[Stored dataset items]
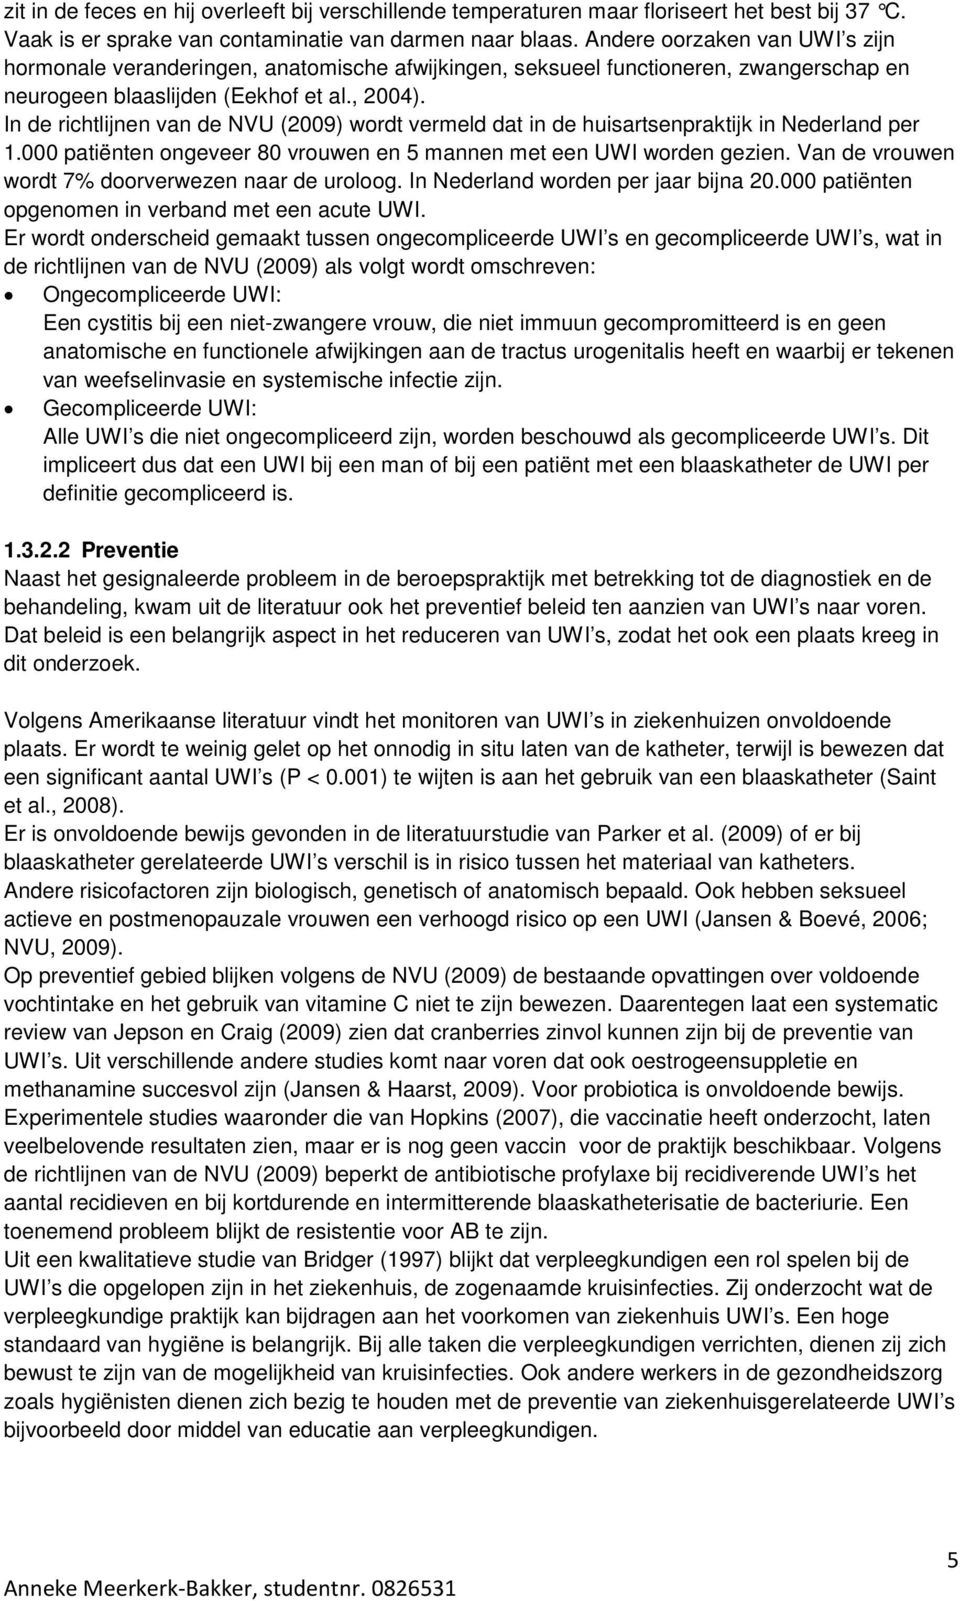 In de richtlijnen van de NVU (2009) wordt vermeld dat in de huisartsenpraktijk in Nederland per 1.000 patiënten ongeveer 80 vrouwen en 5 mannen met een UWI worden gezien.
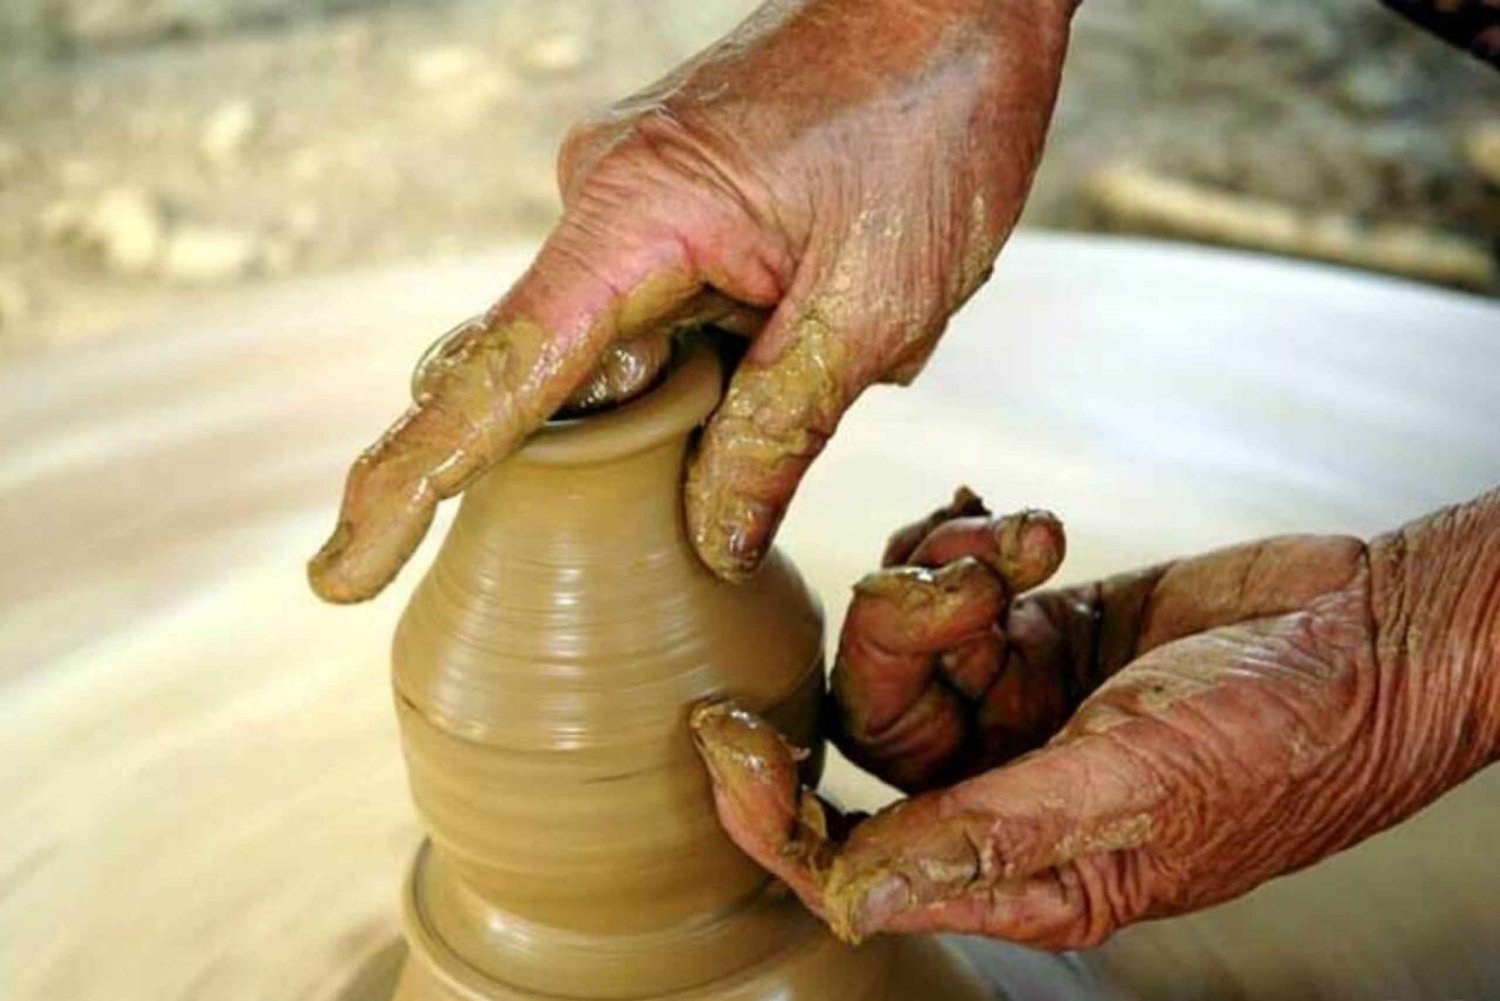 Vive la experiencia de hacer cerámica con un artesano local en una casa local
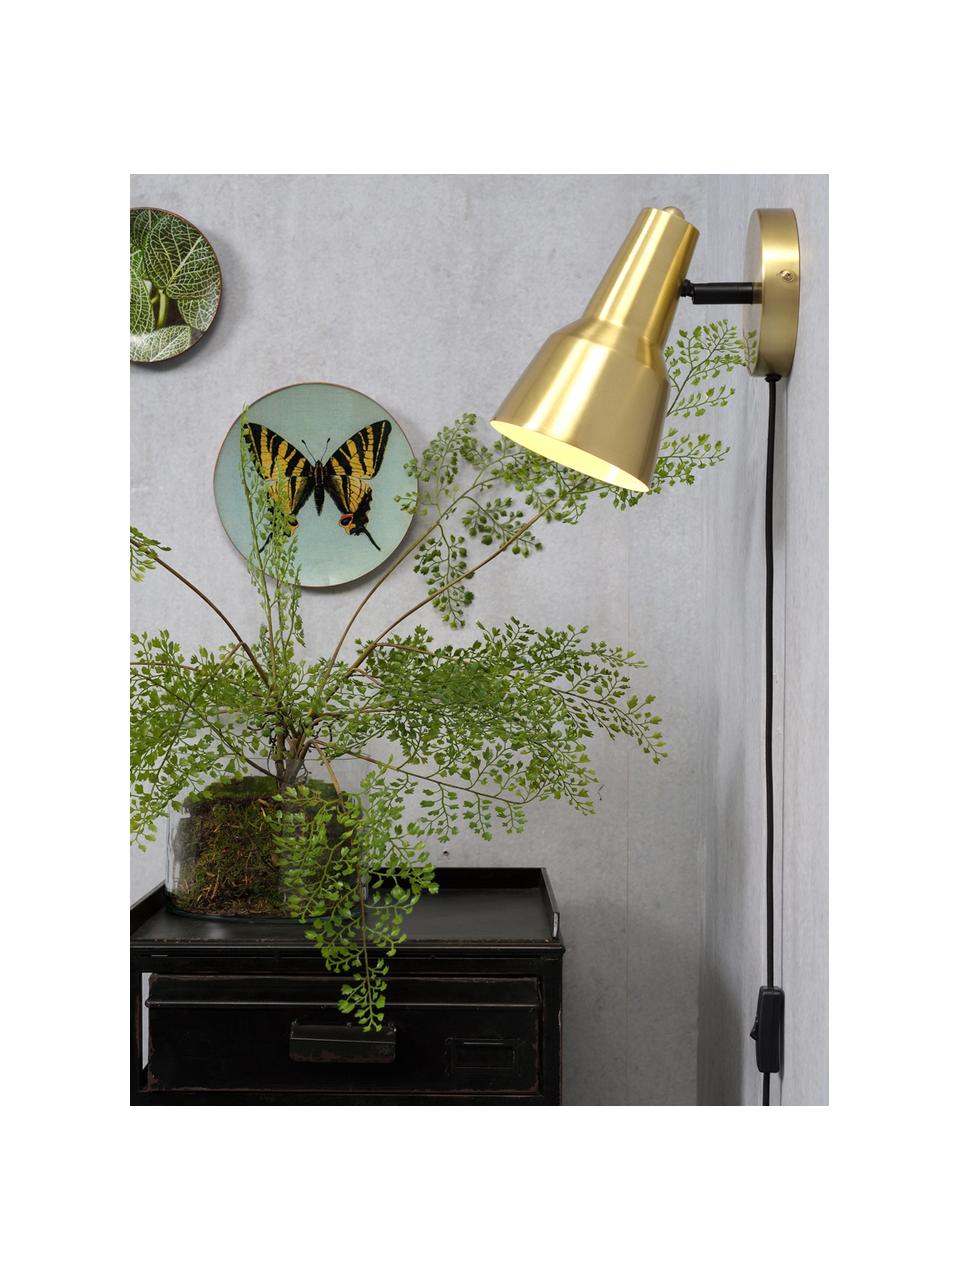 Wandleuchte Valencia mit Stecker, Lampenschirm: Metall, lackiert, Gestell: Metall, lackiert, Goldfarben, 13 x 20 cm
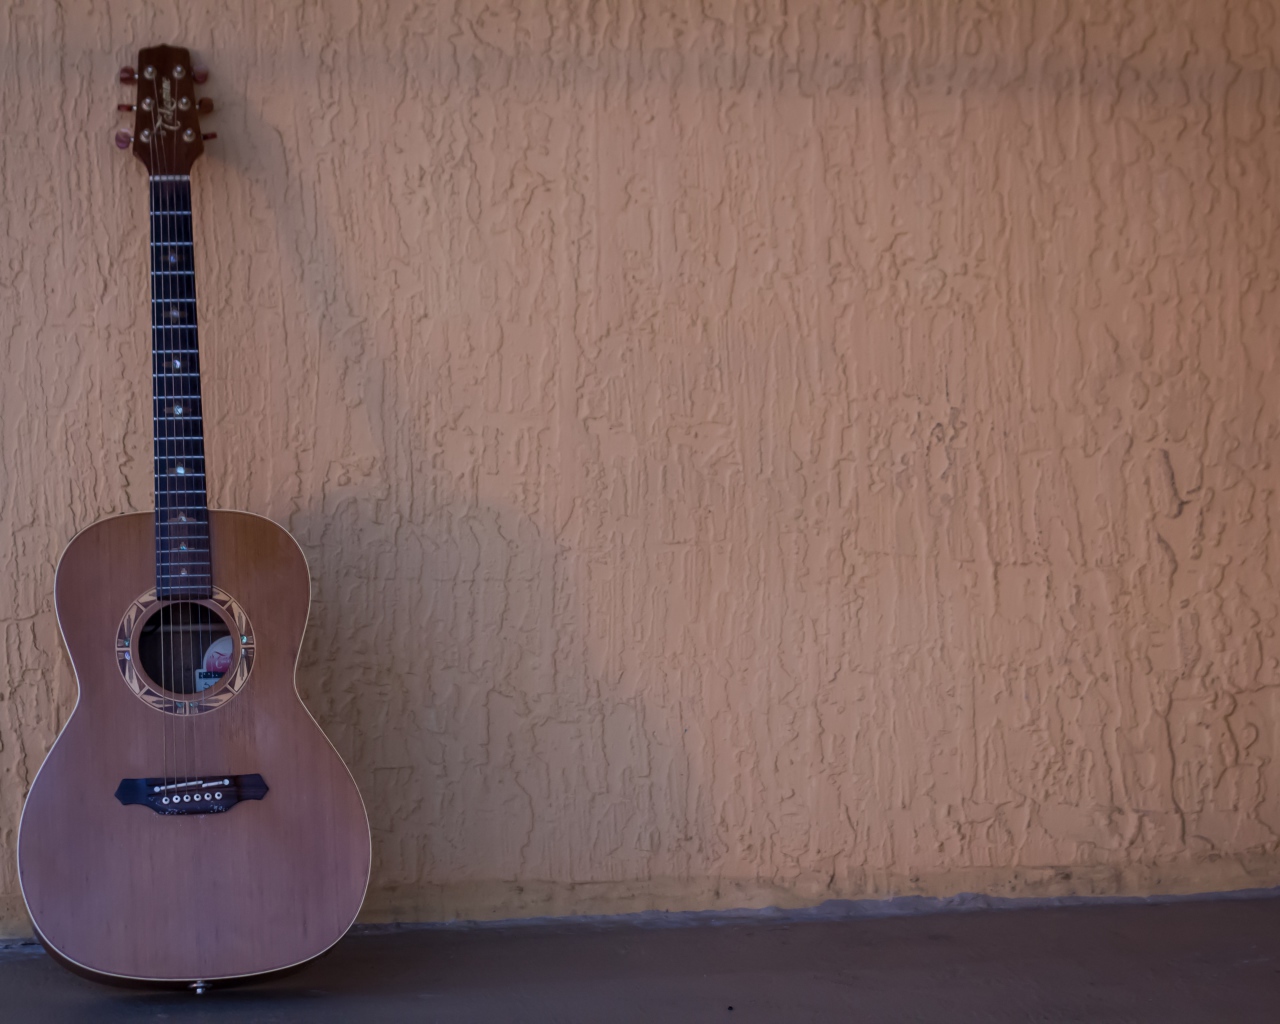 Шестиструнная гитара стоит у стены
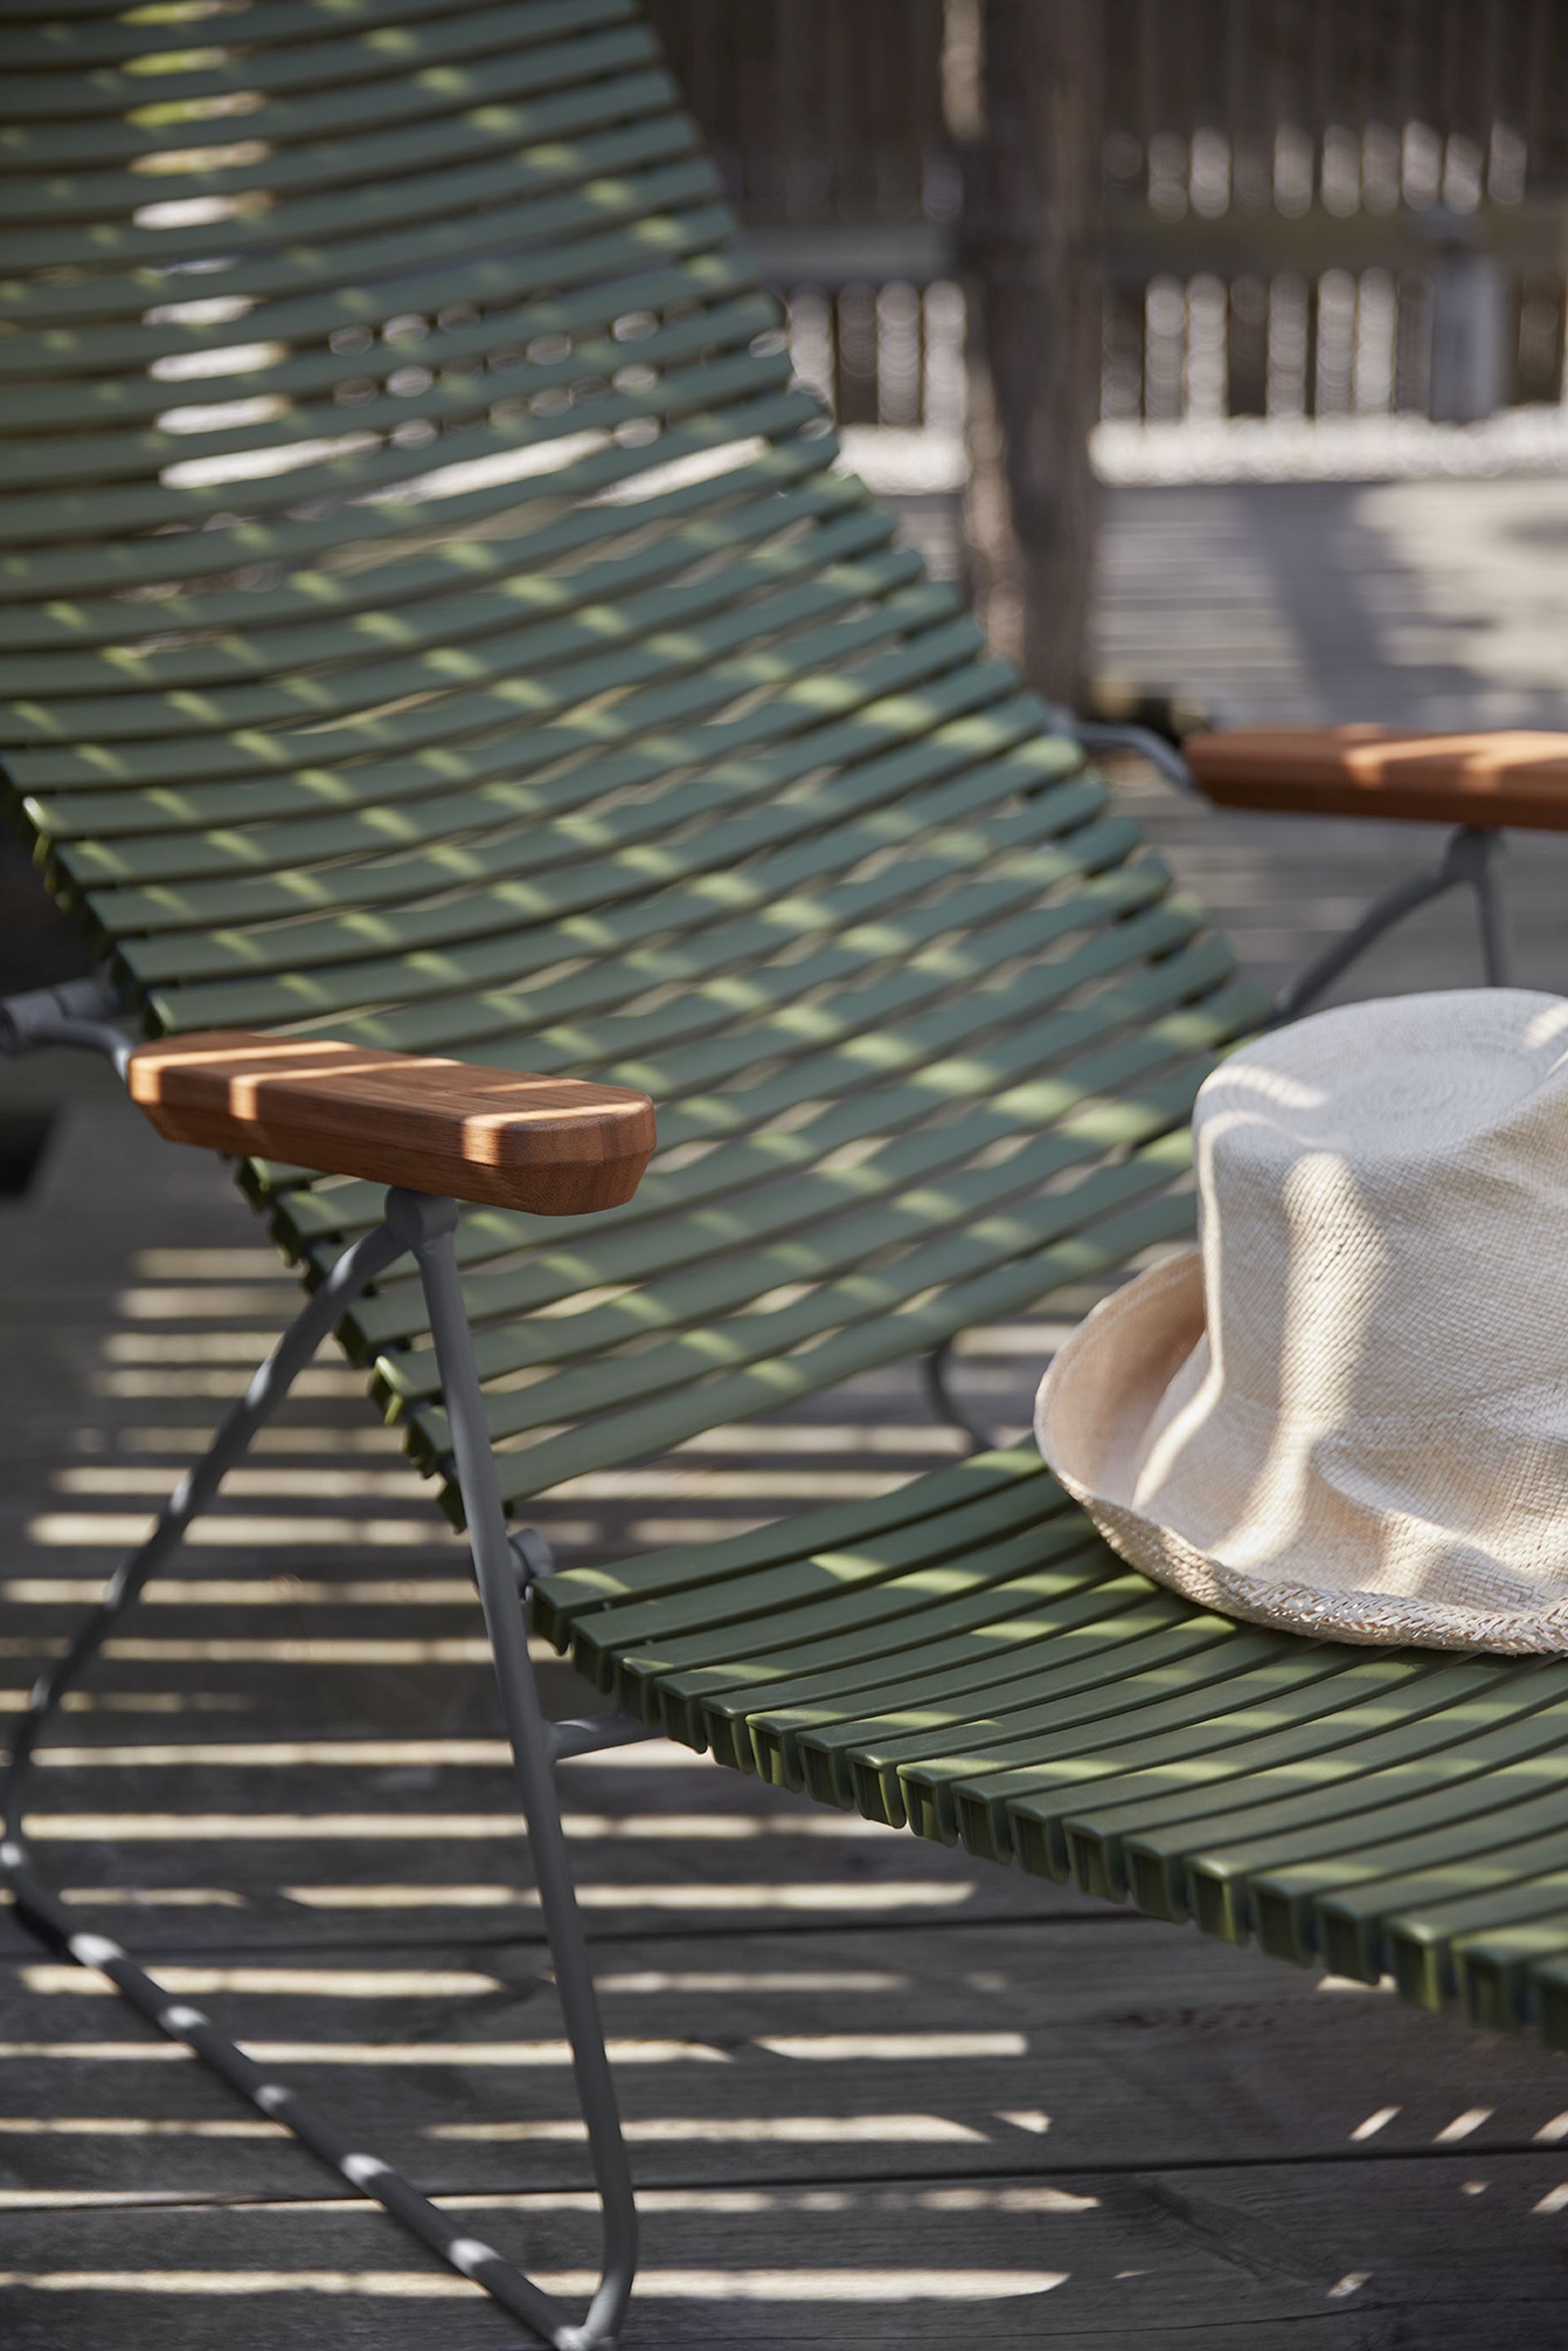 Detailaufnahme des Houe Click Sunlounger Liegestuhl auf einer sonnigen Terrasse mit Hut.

Aim of the task:
Transcribe all records verbatim and omit each image.

Answer space:
 In de richtlijnen van de NVU (2009) wordt vermeld dat in de huisartsenpraktijk in Nederland per 1.000 patiënten ongeveer 80 vrouwen en 5 mannen met een UWI worden gezien.
 Vive la experiencia de hacer cerámica con un artesano local en una casa local
 Wandleuchte Valencia mit Stecker, Lampenschirm: Metall, lackiert, Gestell: Metall, lackiert, Goldfarben, 13 x 20 cm
 Шестиструнная гитара стоит у стены
 Detailaufnahme des Houe Click Sunlounger Liegestuhl auf einer sonnigen Terrasse mit Hut.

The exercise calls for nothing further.